------ Data for processing
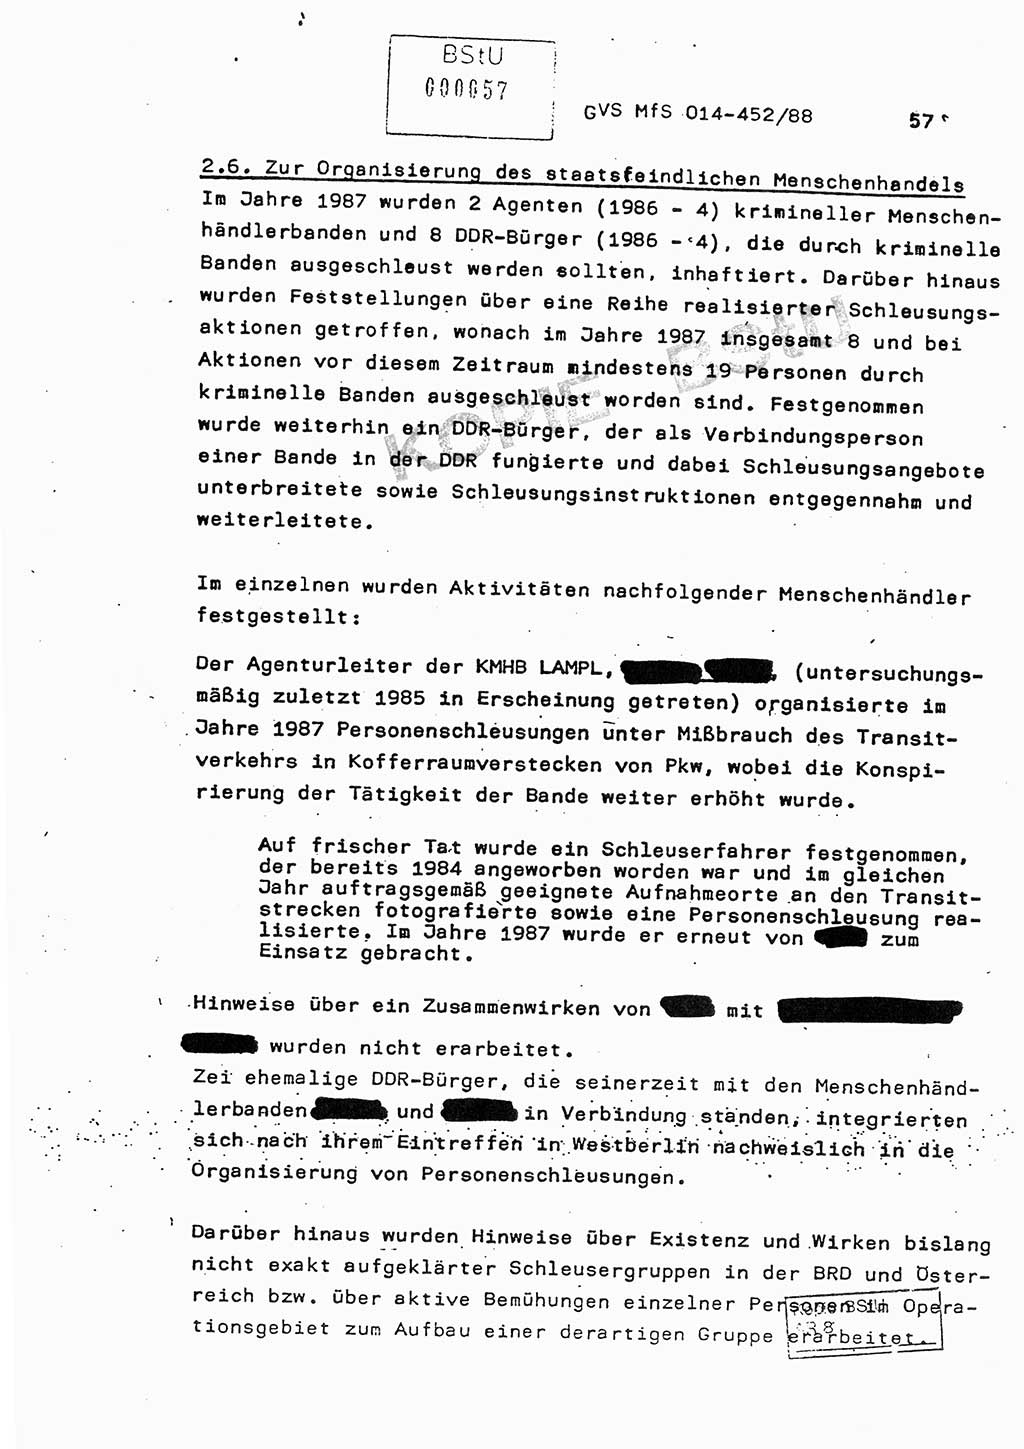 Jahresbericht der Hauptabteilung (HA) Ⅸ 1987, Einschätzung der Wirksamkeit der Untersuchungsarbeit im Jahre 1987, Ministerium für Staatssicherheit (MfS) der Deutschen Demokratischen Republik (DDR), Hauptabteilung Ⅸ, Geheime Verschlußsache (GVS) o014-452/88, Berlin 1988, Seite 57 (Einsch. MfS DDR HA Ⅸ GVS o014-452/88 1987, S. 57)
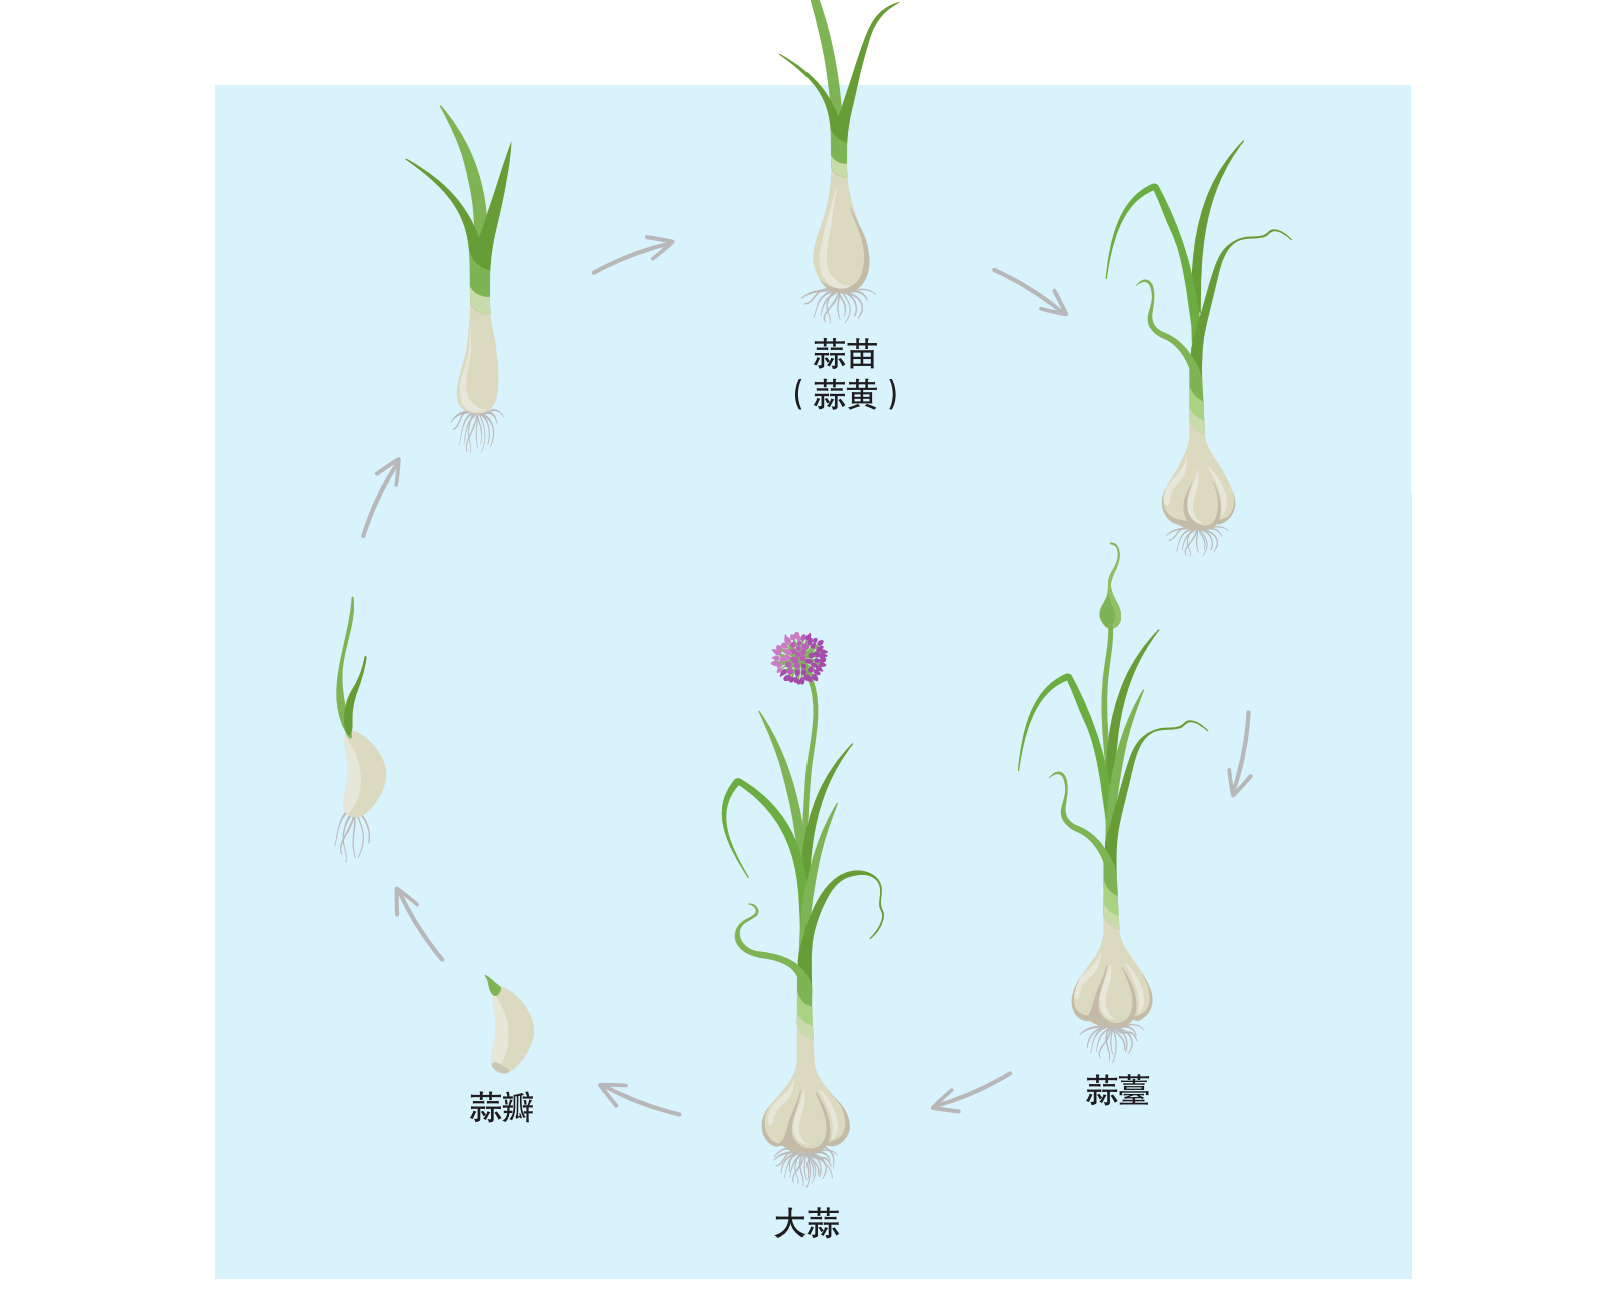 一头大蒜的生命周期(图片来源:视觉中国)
------------
------ Data for processing
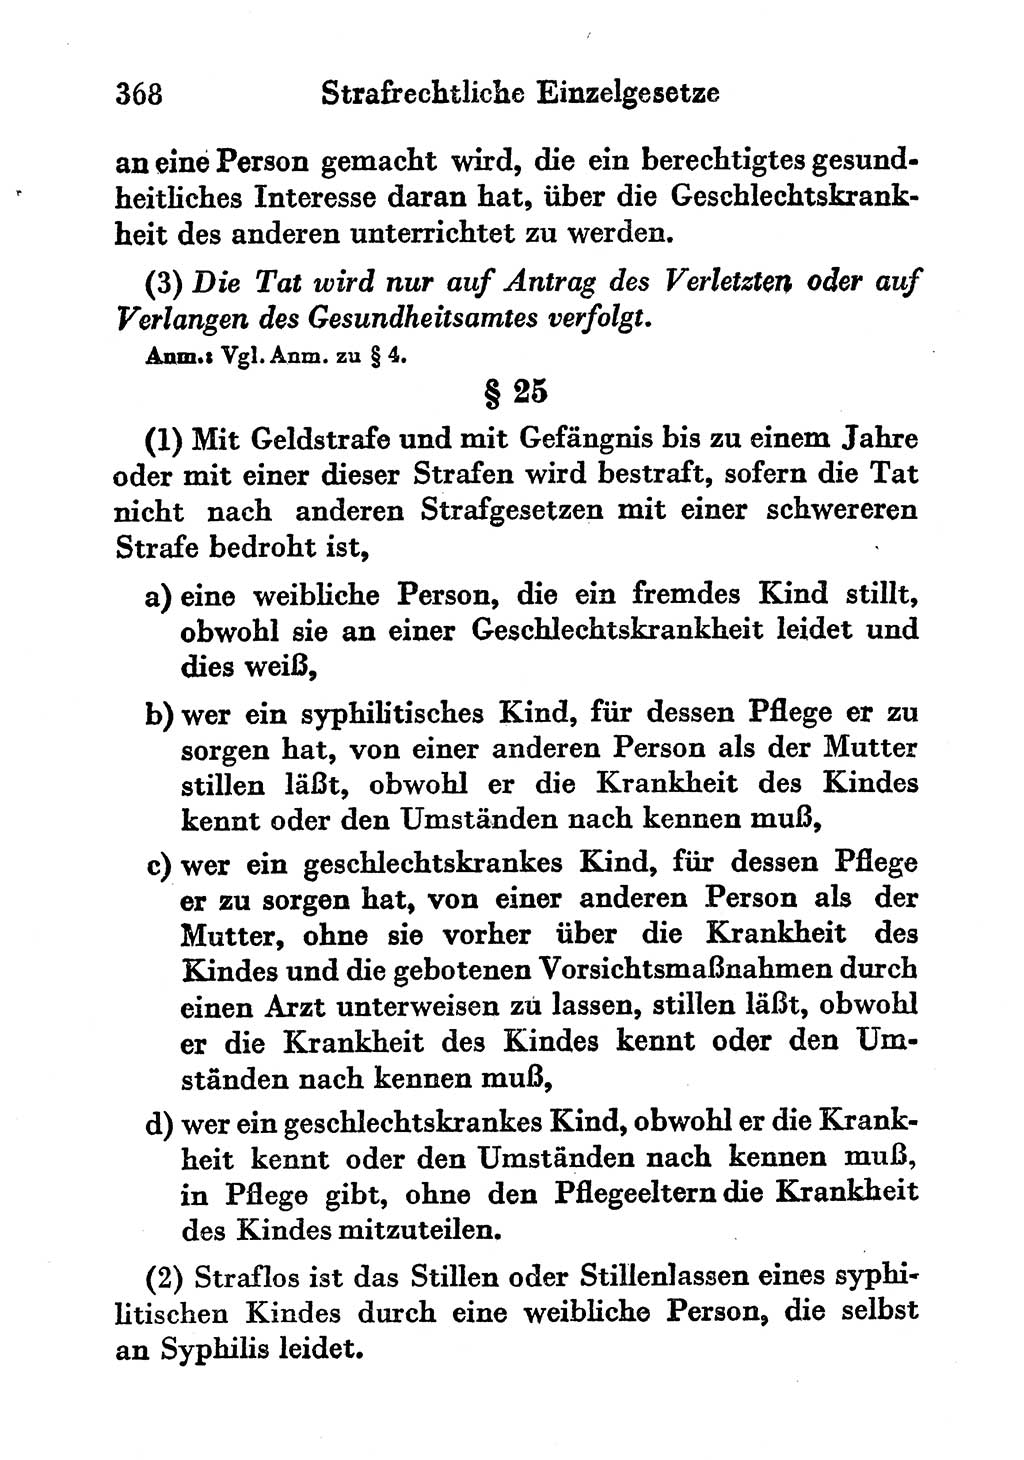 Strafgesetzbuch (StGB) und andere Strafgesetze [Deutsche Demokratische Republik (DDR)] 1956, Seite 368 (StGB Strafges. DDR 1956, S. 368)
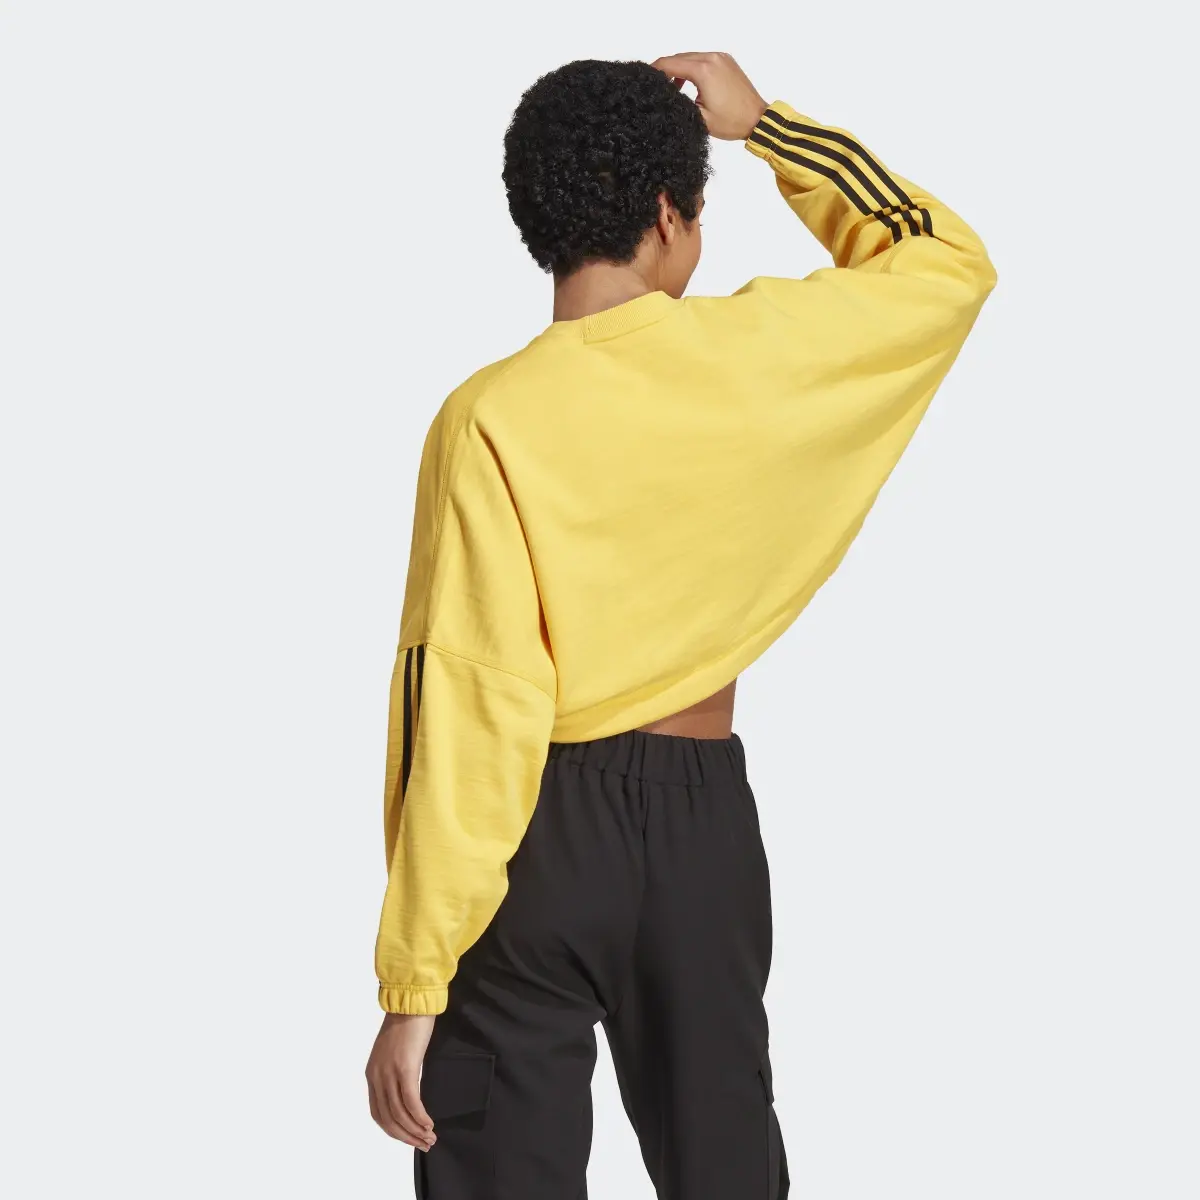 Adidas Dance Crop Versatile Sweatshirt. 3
------------
------ Data for processing
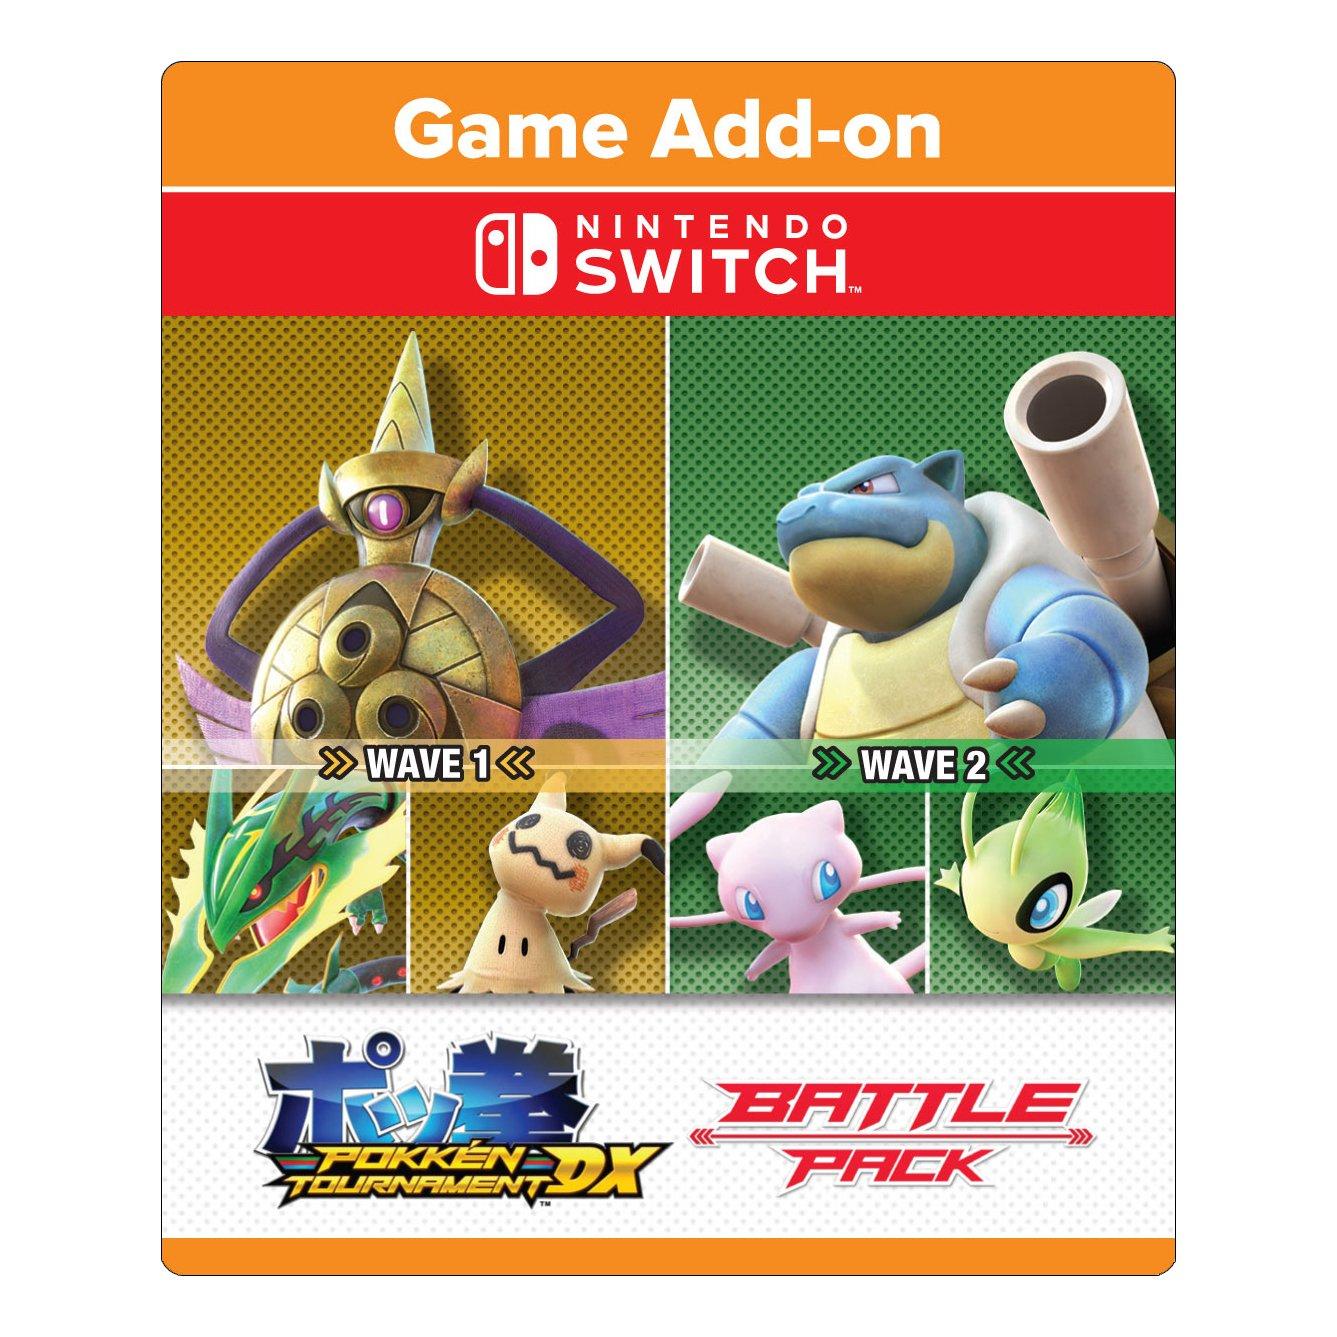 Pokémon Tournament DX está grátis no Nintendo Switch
------------
→ What needs to be done: Nothing but the lines from the one with "Jahresbericht der Hauptabteilung" up to and including the one with "一头大蒜的生命周期(图片来源:视觉中国)" should be printed, exactly as they read above. Please keep the pictures out.

→ Exercise response:
 Jahresbericht der Hauptabteilung (HA) Ⅸ 1987, Einschätzung der Wirksamkeit der Untersuchungsarbeit im Jahre 1987, Ministerium für Staatssicherheit (MfS) der Deutschen Demokratischen Republik (DDR), Hauptabteilung Ⅸ, Geheime Verschlußsache (GVS) o014-452/88, Berlin 1988, Seite 57 (Einsch. MfS DDR HA Ⅸ GVS o014-452/88 1987, S. 57)
 一头大蒜的生命周期(图片来源:视觉中国)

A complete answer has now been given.